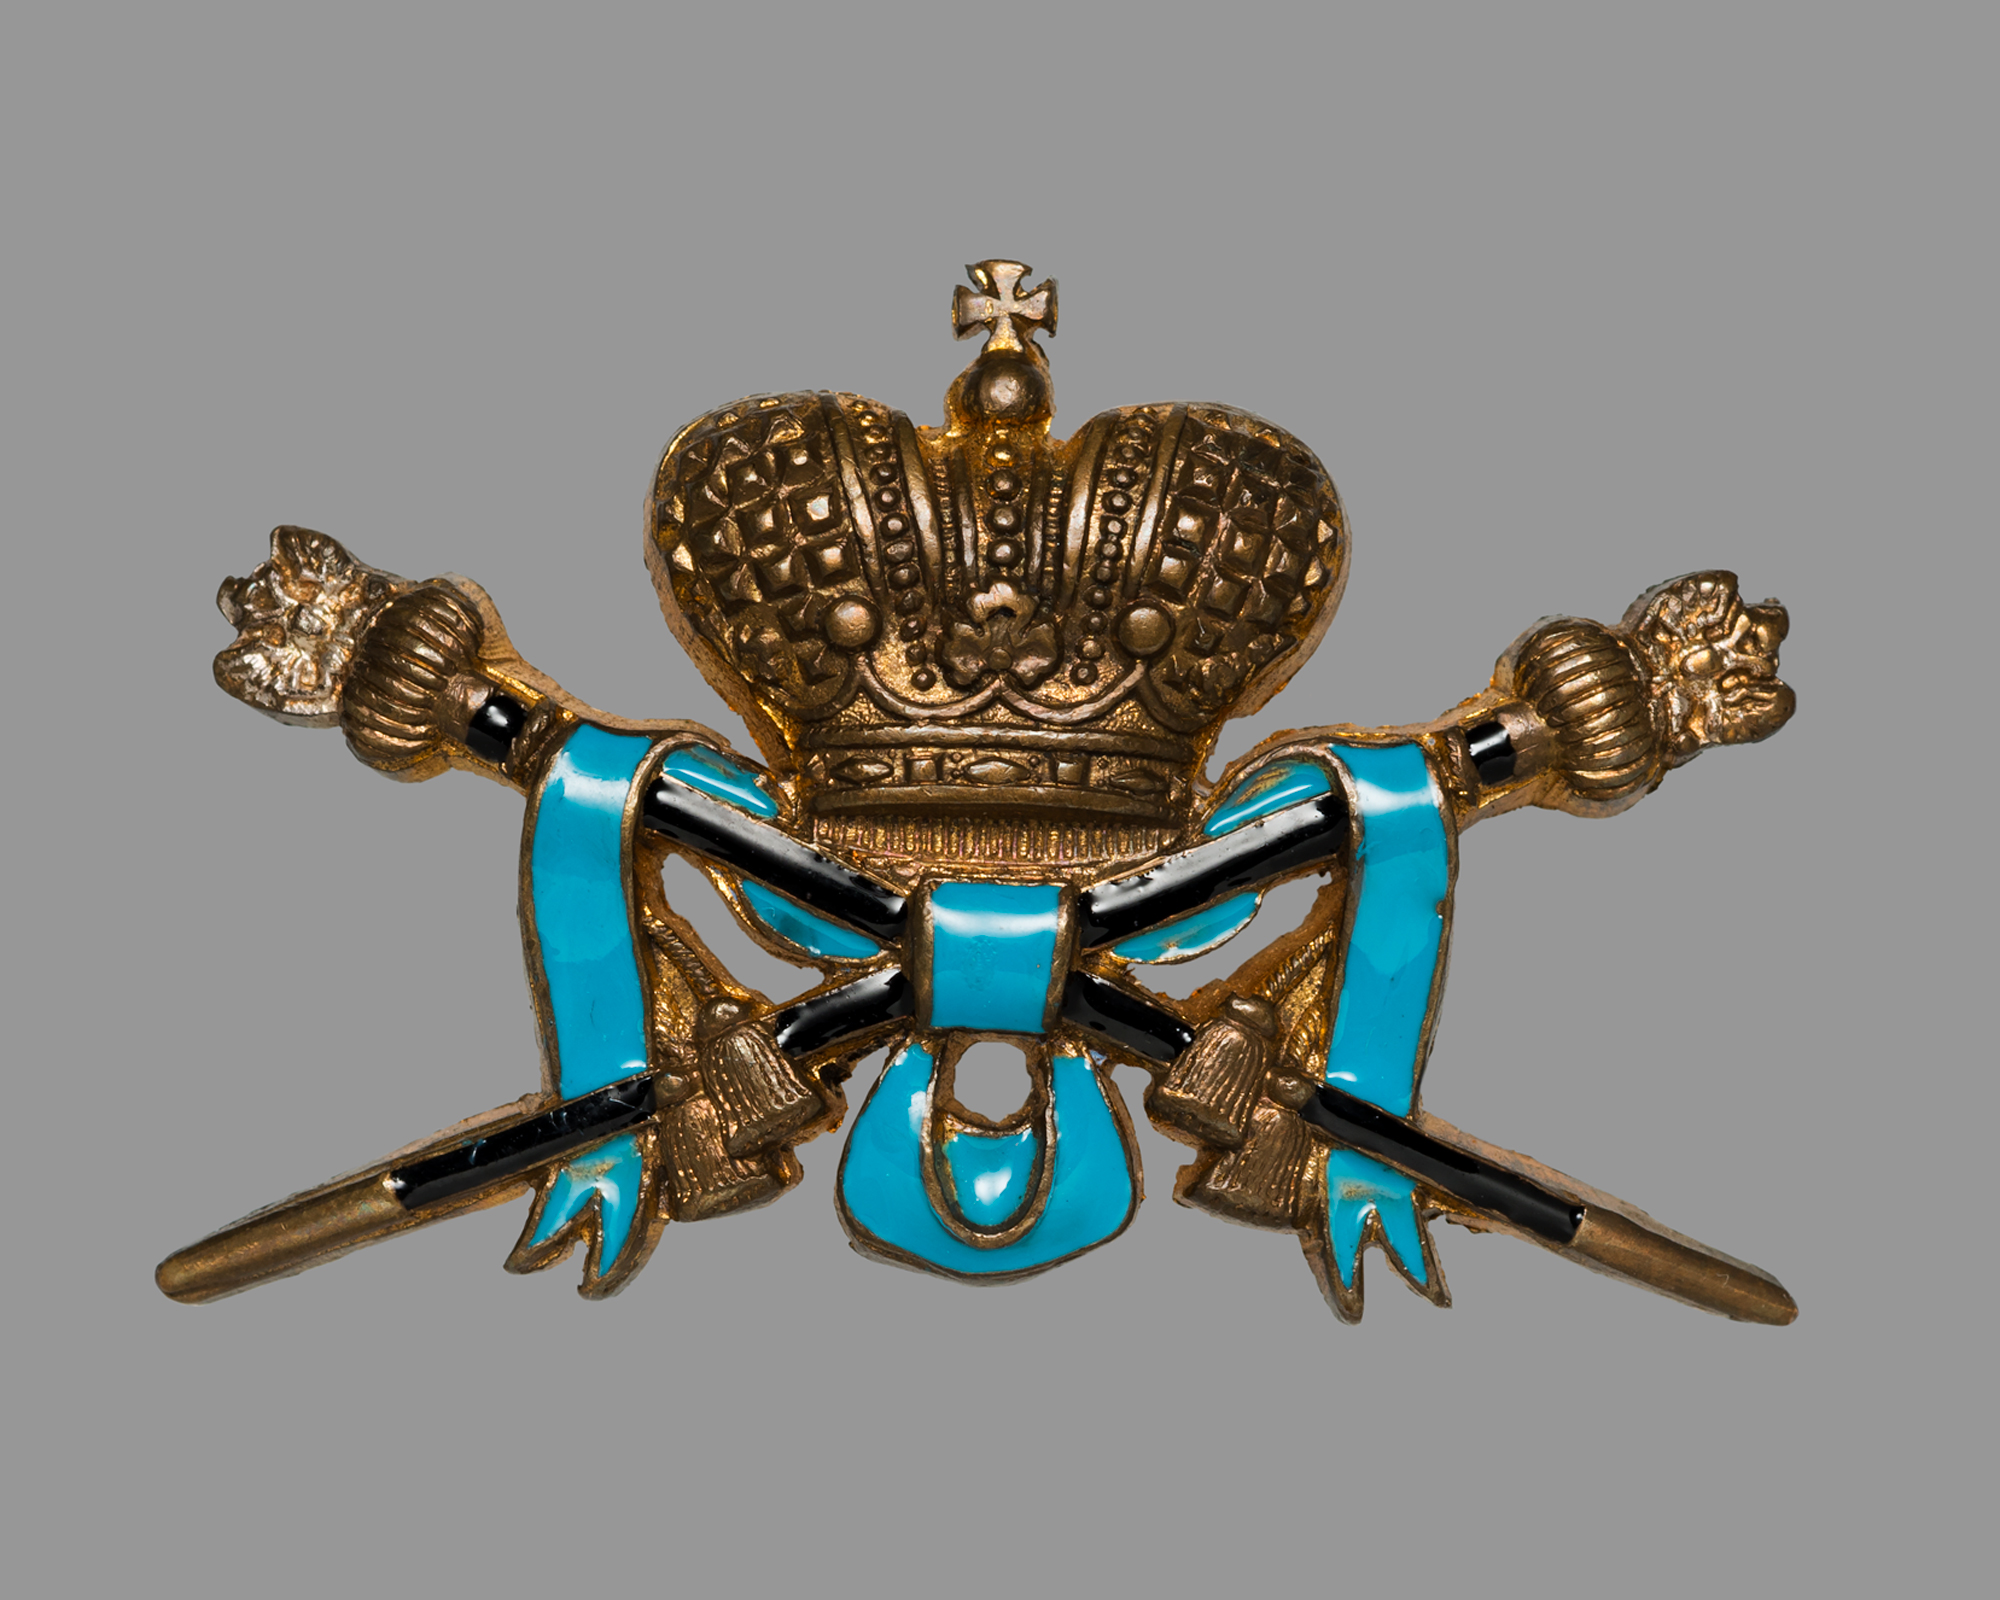 Знак Сводно-Гвардейского казачьего полка. Недрагоценный металл, эмаль
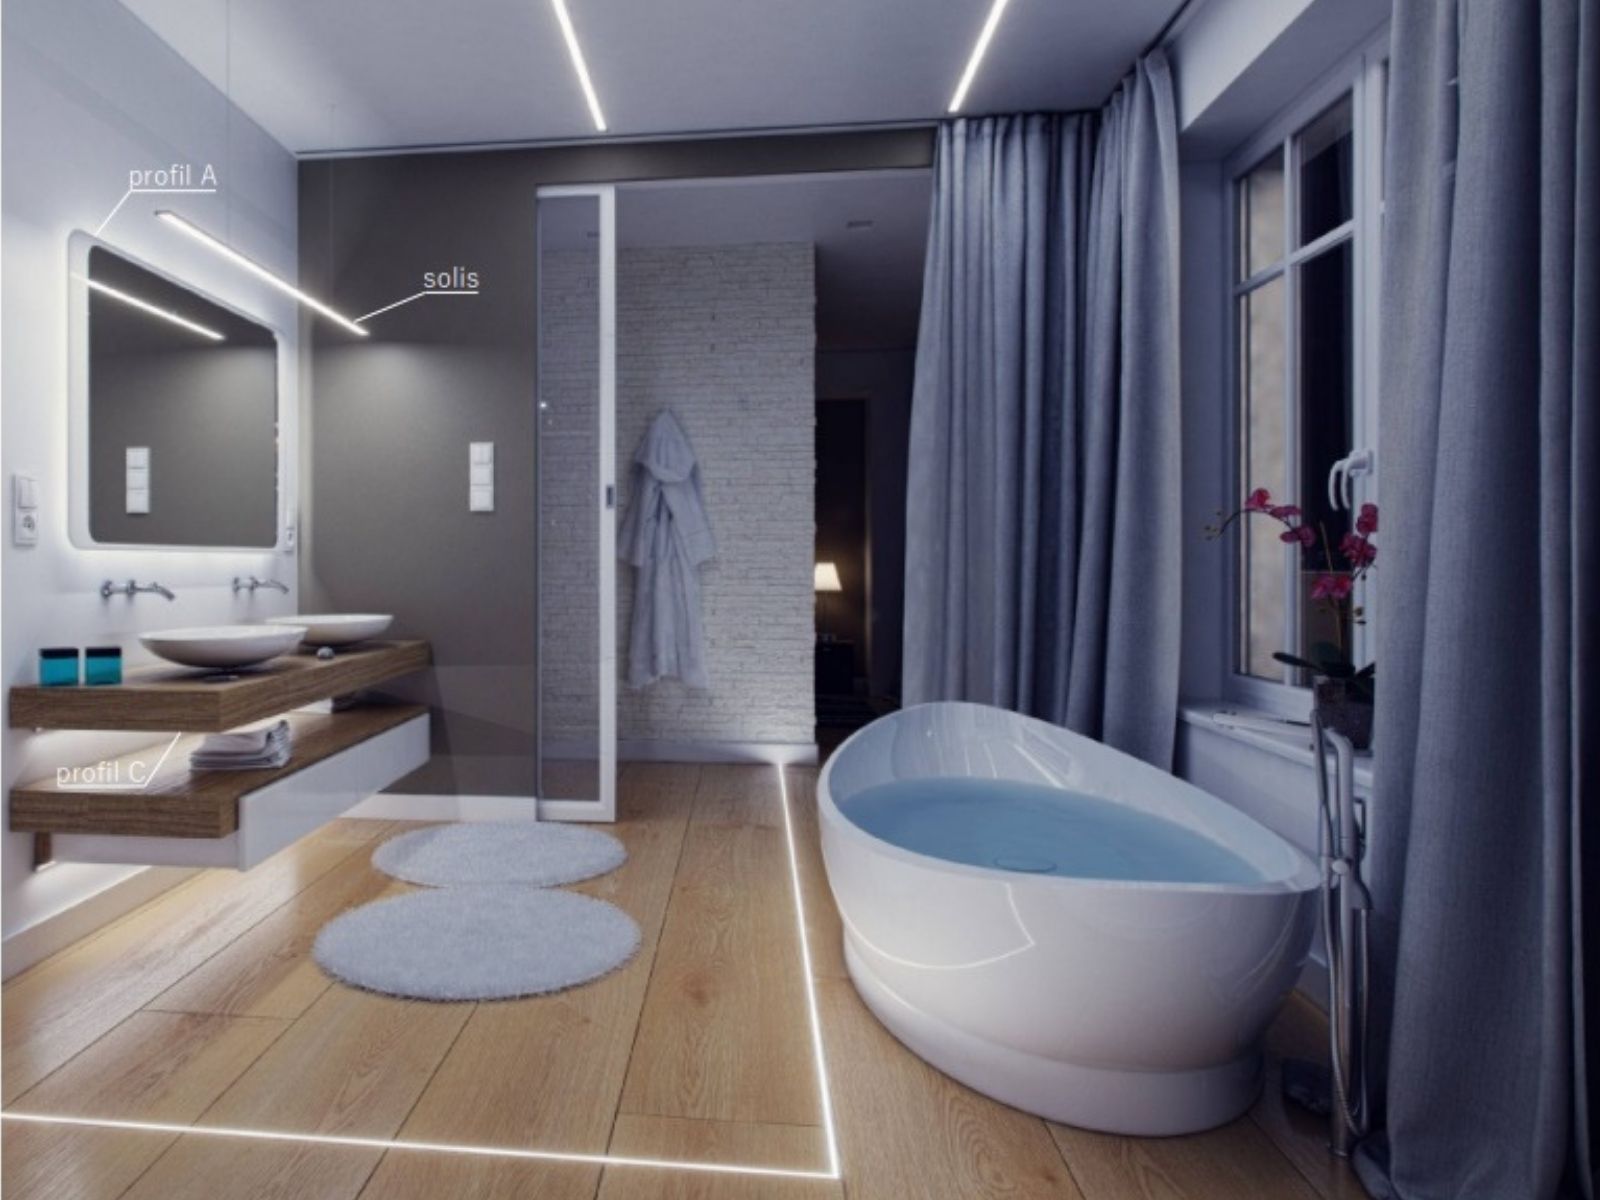 Jakie oświetlenie pasuje do jakiego stylu w łazience? - łazienka inspiracje
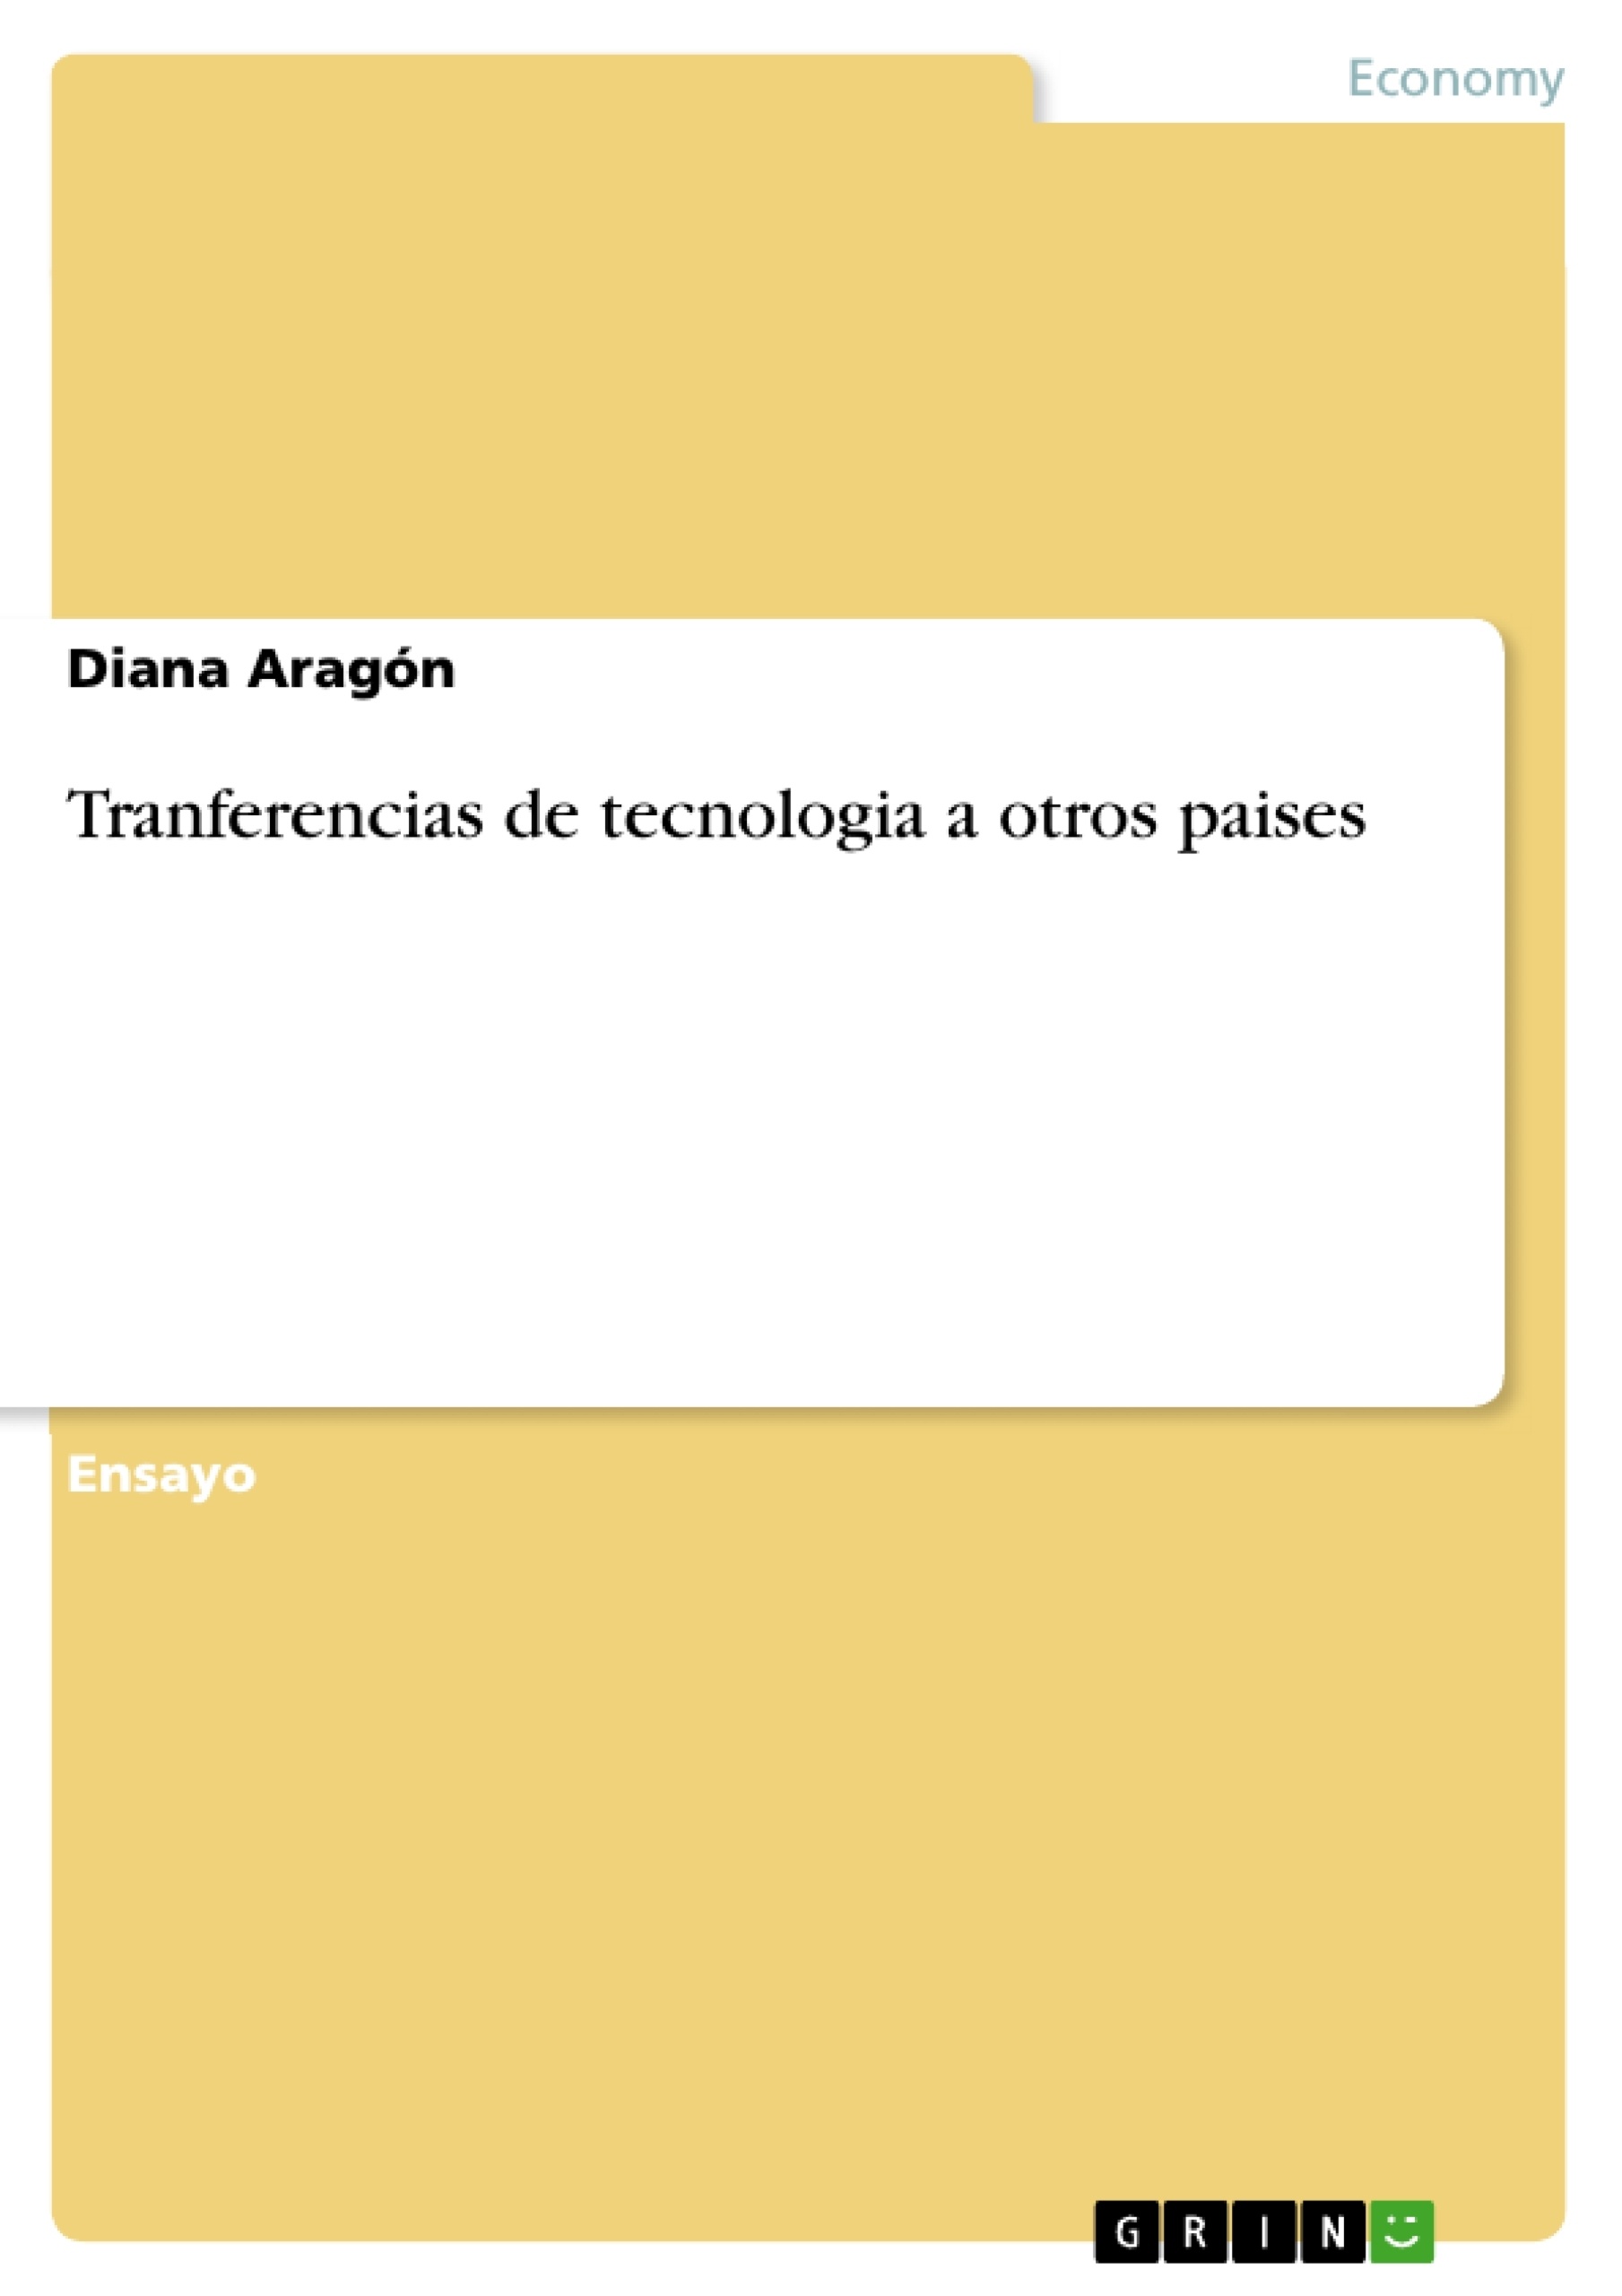 Título: Tranferencias de tecnologia a otros paises

● ● ● ● ●

## Brief
What you hand back should match the listing exactly, except that no pictures appear.

## Exercise answer
 Знак Сводно-Гвардейского казачьего полка. Недрагоценный металл, эмаль
 Jakie oświetlenie pasuje do jakiego stylu w łazience? - łazienka inspiracje
 Título: Tranferencias de tecnologia a otros paises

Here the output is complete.